How tough are these new regulations in comparison to regulations we've seen in other countries in the past?

The predecessor of the GDPR was the Data Protection Directive enacted in 1995. The definition of personal data has now been greatly extended to be in line with today's new technological advancements, such as email addresses, fingerprints, retina scans, CCTVs and IP addresses, by including any data which might make it possible to identify a particular person.

A comparative analysis between regulations of different countries and the GDPR, shows that the latter is much stricter. For instance, the California Consumer Privacy Act of 2018 (CCPA) is not intended to apply to companies which have annual gross revenues less than $25million. CCPA is narrower than the GDPR regarding the covered entities.

China's 'Personal Information Security Specification' is also more lenient than the GDPR. Under this specific legislation, implied consent from the client suffices. In contrast, under the GDPR, consent must be explicit, affirmative, unambiguous, freely given and informed.

Another difference is that the GDPR aims to protect data subjects from "controllers" and "processors" while the CCPA aims to protect consumers from businesses which collect personal information or, transfer such information. Under the GDPR, consumers have a private cause of action. However, under the CCPA, private consumers should give the business an opportunity to cure any violations and inform the California Attorney General of a complaint against the company before filing a case. The strictness of the GDPR is amply demonstrated in the amount of the fines which can be levied. In some cases, violators of the GDPR may be fined up to €20 million or up to 4% of the annual worldwide turnover whichever is higher, whilst under the CCPA; fines range between $100-$750 per consumer per incident or per actual damages.

Article 82 of the GDPR awards compensation to those who fall victim of breaches, causing the controller or processor to be liable. The severity of the administrative fines as enshrined in Article 83 depends on different elements such as nature, gravity, duration of breach, and intent.

With regards to recruitment, how does the GDPR affect the process and the work of recruiters compared to previous protection of personal data regulations?

Article 88 of the GDPR provides Member States with more specific rules on the ''rights and freedoms with respect to the processing of employees' personal data in the employment context''. During the recruitment process, the recruitment agency must inform the candidate of the purposes of personal data processing; the period during which it will be stored; and the recipients of data. The GDPR obliges recruitment agencies to provide a "paper trail" illustrating commencement process of on-boarding; what information was provided; the manner how the data was processed, stored, amended and/or erased. Therefore these agencies have to have everything organised in one systematic database.

The applicant also benefits from the right to be informed how personal data will be used; the right of access; the right to rectification of data if inaccurate or incomplete; the right to be forgotten under certain circumstances; the right to block or suppress processing of personal data; and the right to data portability. It is quite evident that the aim of the GDPR is to give the individuals total control over their own personal data, to be able to decide whether to provide such data, how it is to be provided, when it should be provided and when to be erased.

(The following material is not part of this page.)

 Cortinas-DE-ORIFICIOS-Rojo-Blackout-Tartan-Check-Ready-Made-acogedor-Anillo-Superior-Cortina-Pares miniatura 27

The GDPR left an impact on recruitment agencies as business processes became more time consuming notwithstanding compliance with the previous Data Protection Act. The changes were required to promote more transparency to the candidates about how they collected, stored and used such data. For instance, before the GDPR came into force, the recruiters used to obtain consent from applicants and then send CV's to different employers or other databases. With GDPR consent needs to be separate and written every time. Moreover, under the new law, the recruiter has to provide the applicant with vacancy details prior to the receiving the CV's.

How do you envisage that new laws catering for the right to be forgotten shall be interpreted in light of the enhanced use of blockchain technology?

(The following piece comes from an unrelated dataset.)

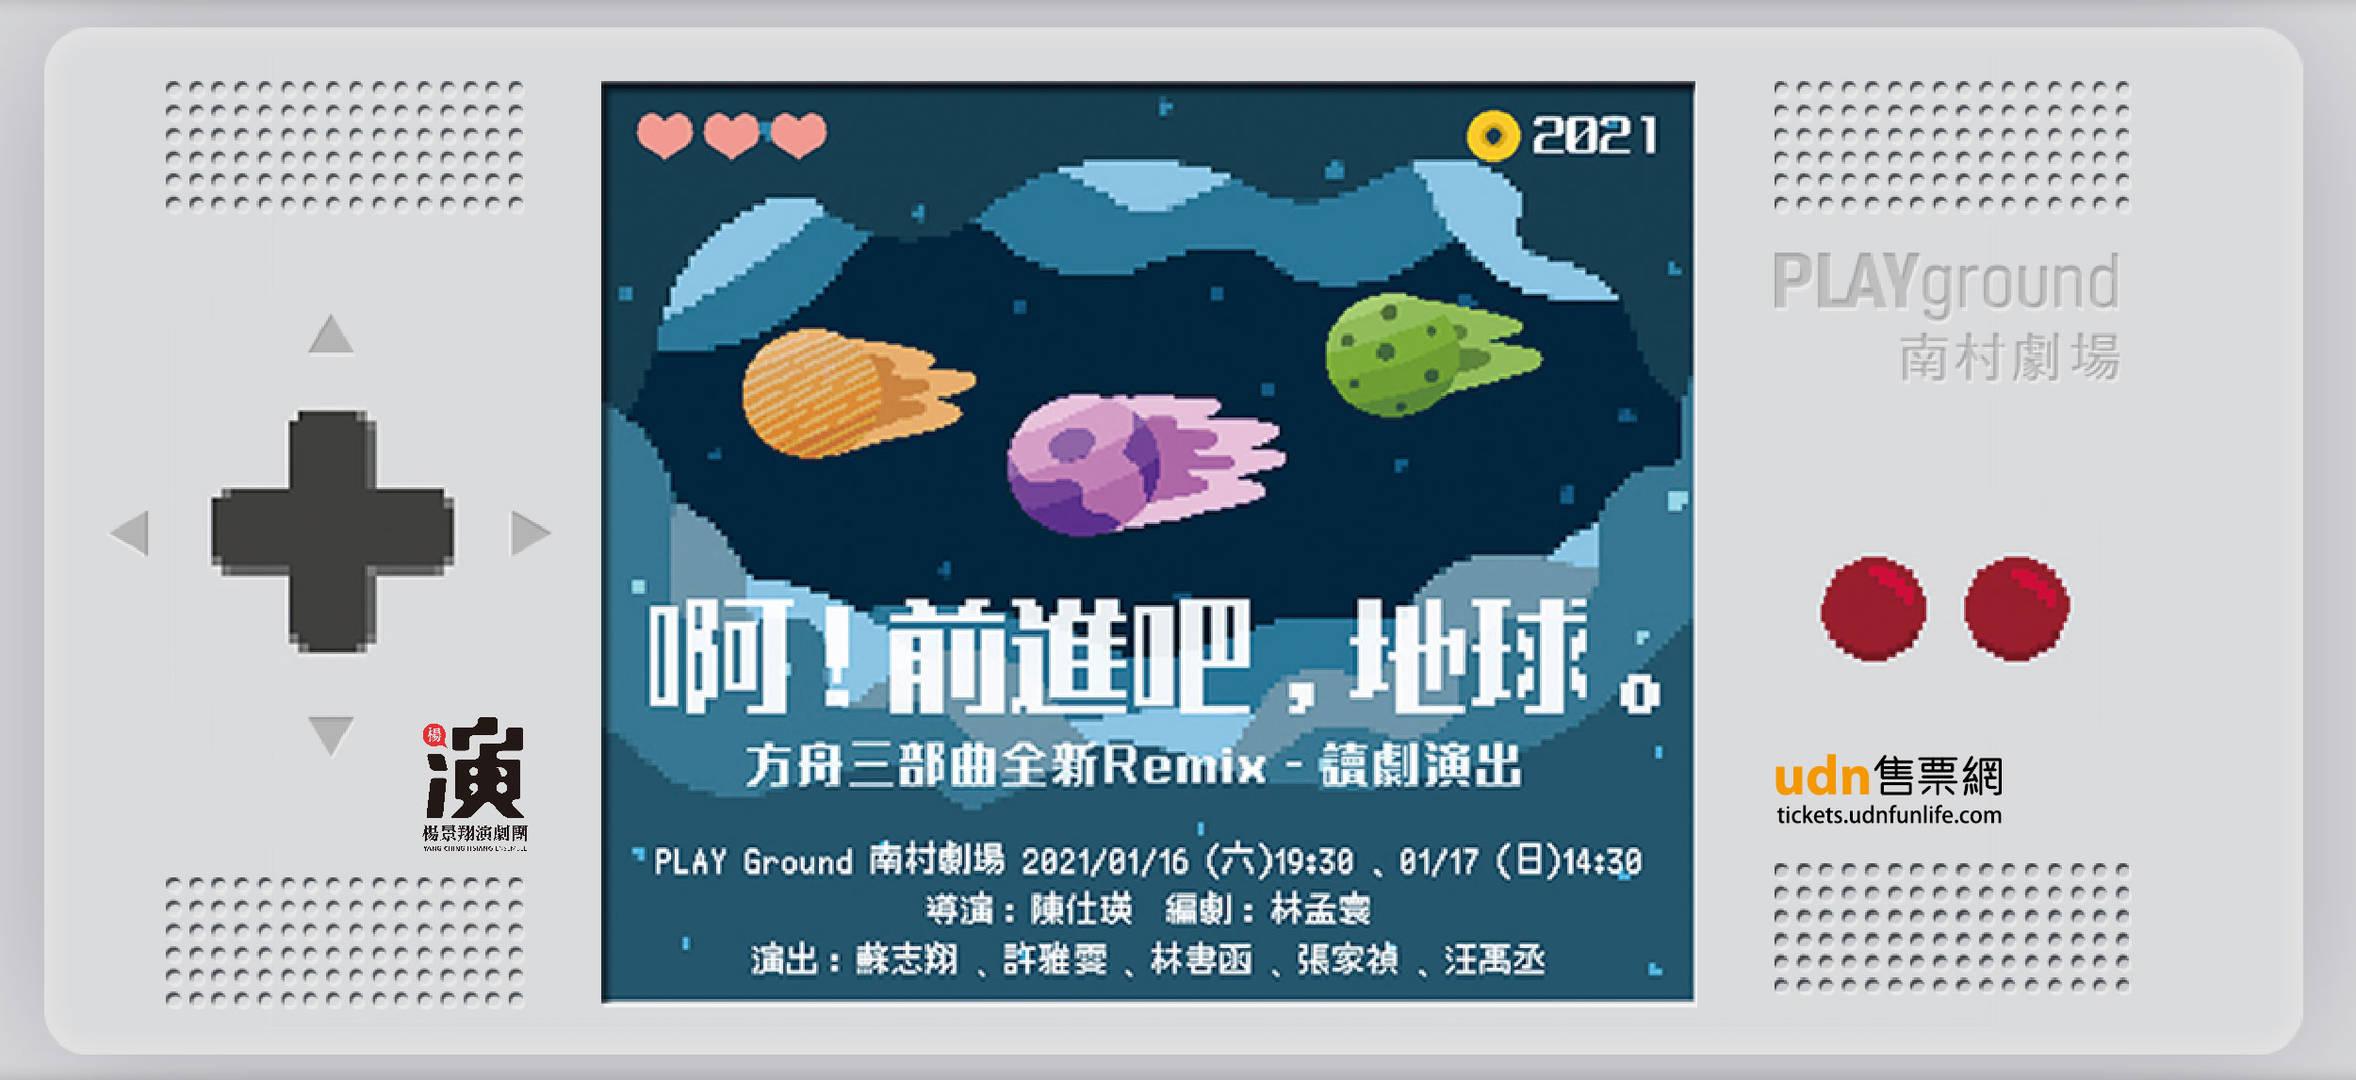 楊景翔演劇團《啊!前進吧,地球。》方舟三部曲全新Remix—讀劇演出

"The GDPR has been described as in some respects incompatible with blockchain technology"1 by Marcus O'Dair in his book 'Distributed Creativity'. We somewhat agree that the 'right to be forgotten' and blockchain are a paradox. Article 17 of the GDPR gave birth to the right to be forgotten. Once a piece of data is written on blockchain it is impossible to obliterate it or customise it and if one were to do so, it would defeat the whole purpose of having a blockchain platform. Personal information is supposedly encrypted before placed on blockchain, and once the key is destroyed, the data is made pretty much unreadable. Despite this, personal data exists in another form. So can this be considered a loophole? The very nature of blockchain lies in having a public ledger providing transparency to all users. In fact, blockchain has thrived because it is a chain which cannot be altered, therefore providing security and reliability.

Blockchain is subdivided in two forms: public and private. It is easier for a private blockchain to follow GDPR rules as the participation in the network is limited. The GDPR has introduced the concept of ''pseudonymization'', which aims to eliminate the possibility of having data being identified with a specific person. Viable techniques of pseudonymization are data masking and cryptographic hash function. So far, the EU has supported the use of blockchain, therefore it is highly unlikely to jeopardise its development.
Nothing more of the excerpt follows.